# An 0-6-0F Build



## trainmaster1989 (Jan 4, 2008)

I've finally started building my first locomotive. I've had the information for  couple years now but havent really been ready to try it.

The locomotive: 

The locomotive is a H.K. Porter fireless built for the Public Service Electric Company in 1923. 

Fireless locomotives were steam locomotives that did not have a firebox and instead ran off of steam stored in its insulated resivoir. When the steam runs low, it is recharged at a stationary boiler. Fireless and compressed air locomotives were used extensively in mines and other such facilities where a spark could potentially cause a fire. They allowed the owner to move the fire out of the danger area without sacrificing the abilities of a locomotive. This one was built for a coal fired electrical plant where coal dust in the air could potentially cause an explosion. It was never given a road number and held its shop number of 6816.

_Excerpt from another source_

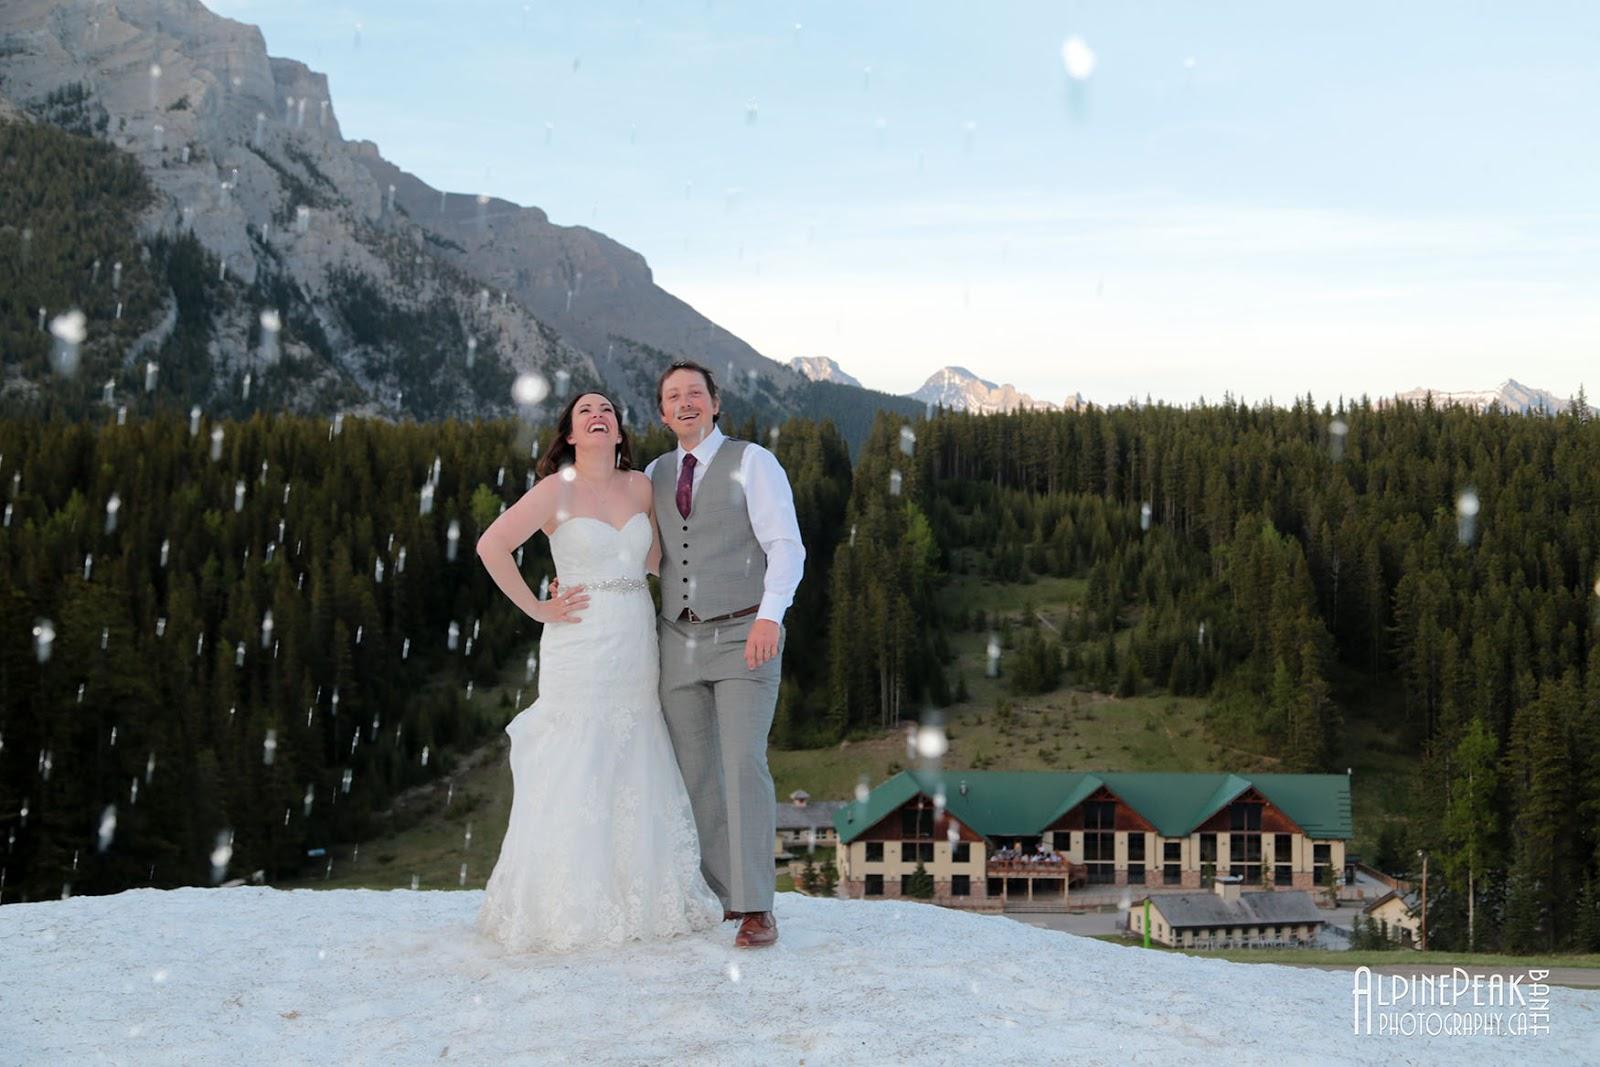 Alec Baldwin at celebrity ski | Ski resorts | Pinterest ...

6816 is now on display at Steamtown in Scranton, PA. I found a picture of it online a while back and wrote to the park service asking for documents that might help me build a model of it and one of the historians sent me copies of everything they have. It was quite extensive and contained parts and operations manuals, purchace orders and other correspondence.

Essential specs.
Gauge: 4ft 8.5 in
Turn Radius: 200ft
Driver Radius: 52 in
Driver configuration: 0-6-0

i261.photobucket.com/albums/ii75/smckittr/Fireless/fireless.jpg
i261.photobucket.com/albums/ii75/smckittr/Fireless/fireless4.jpg
The model will be in 1:29th scale.

i261.photobucket.com/albums/ii75/smckittr/Fireless/6.jpg
i261.photobucket.com/albums/ii75/smckittr/Fireless/100_0349.jpg
And the beginining...




















More to follow.

Suggestions constructive critisism are not only welcome, but requested. 

Thanks,
Scott


----------



## vsmith (Jan 2, 2008)

Cool, I'll be watching this one!


----------



## SteveC (Jan 2, 2008)

Scott

Interesting choice, the 0-6-0F in the topic title really had me going, I knew that I'd seen the F designation before but for the life of me I couldn't remember what it stood for, thanks for including the explanation in your posting. I'll be another watching how things turn out, thanks for taking the time to share.


----------



## trainmaster1989 (Jan 4, 2008)

Thanks ,

Heres the chassis after i put in the spacers.I found some 1-72 screws at ace hardware and they turned out to be the perfect size. 

The hard part was making sure it was squared up, but i think its pretty close. Next i'll cut some brass tube for bushings and thats about as far as i can go until i come up with a motor for it.










Thanks,
Scott


----------



## peter bunce (Dec 29, 2007)

Hi 

Hartland sell a motor and gearbox in one unit.


----------



## eddie (Jan 2, 2008)

that is awesome looking forward to more updates


----------



## wildbill001 (Feb 28, 2008)

Gotta ask....Where did you get the drivers?

Also, once you get a motor, any thoughts on how you are going to transfer energy from motor to wheels?  That is, gearing, and where to obtain the gears?

Thanks

Bill W


----------



## trainmaster1989 (Jan 4, 2008)

Thanks, 

the drivers are from LGB they are part of the DR Loco (#21811); four wheels with short crankshafts and two with long. I'm currently waiting for Mr. Mahon at LGBoA to get some motors and a drive kit in stock that will cover both motor and gearing needs. 

Right now i'm working on the cylinders. 

I've heard a lot about fillers/puttys that people have used to fill gaps between parts or to create smooth curves on their models. What type of putty is this? 

Thanks, 
Scott


----------



## pcentral (Jan 3, 2008)

Hey Scott, 
Looking good! I'm happy to see you doing some scratchbuilding, keep at it you'll love it. 

I use Squadron Green Putty. They also make White Putty but I haven't tried it. You should be able to find it at any of the LHS's. 

Steve


----------



## trainmaster1989 (Jan 4, 2008)

I still havent gotten the motor in so work has been kind of slow. I built the cylinders and worked on spacing them properly. 

















The spacer is a piece of carboard with center lines drawn on it to match the centers on the cylinders. I think the appropriate spacing would be 72mm from center to center. 
Is there some way to derive the spacing other than eyeballing it? 

Steve, 
I do like the challenge of screatchbuilding. 
I'll look into the squadron putty. 


Thanks 
Scott 

BTW i'd be happy to share any of the documents and such that i have on trains.


----------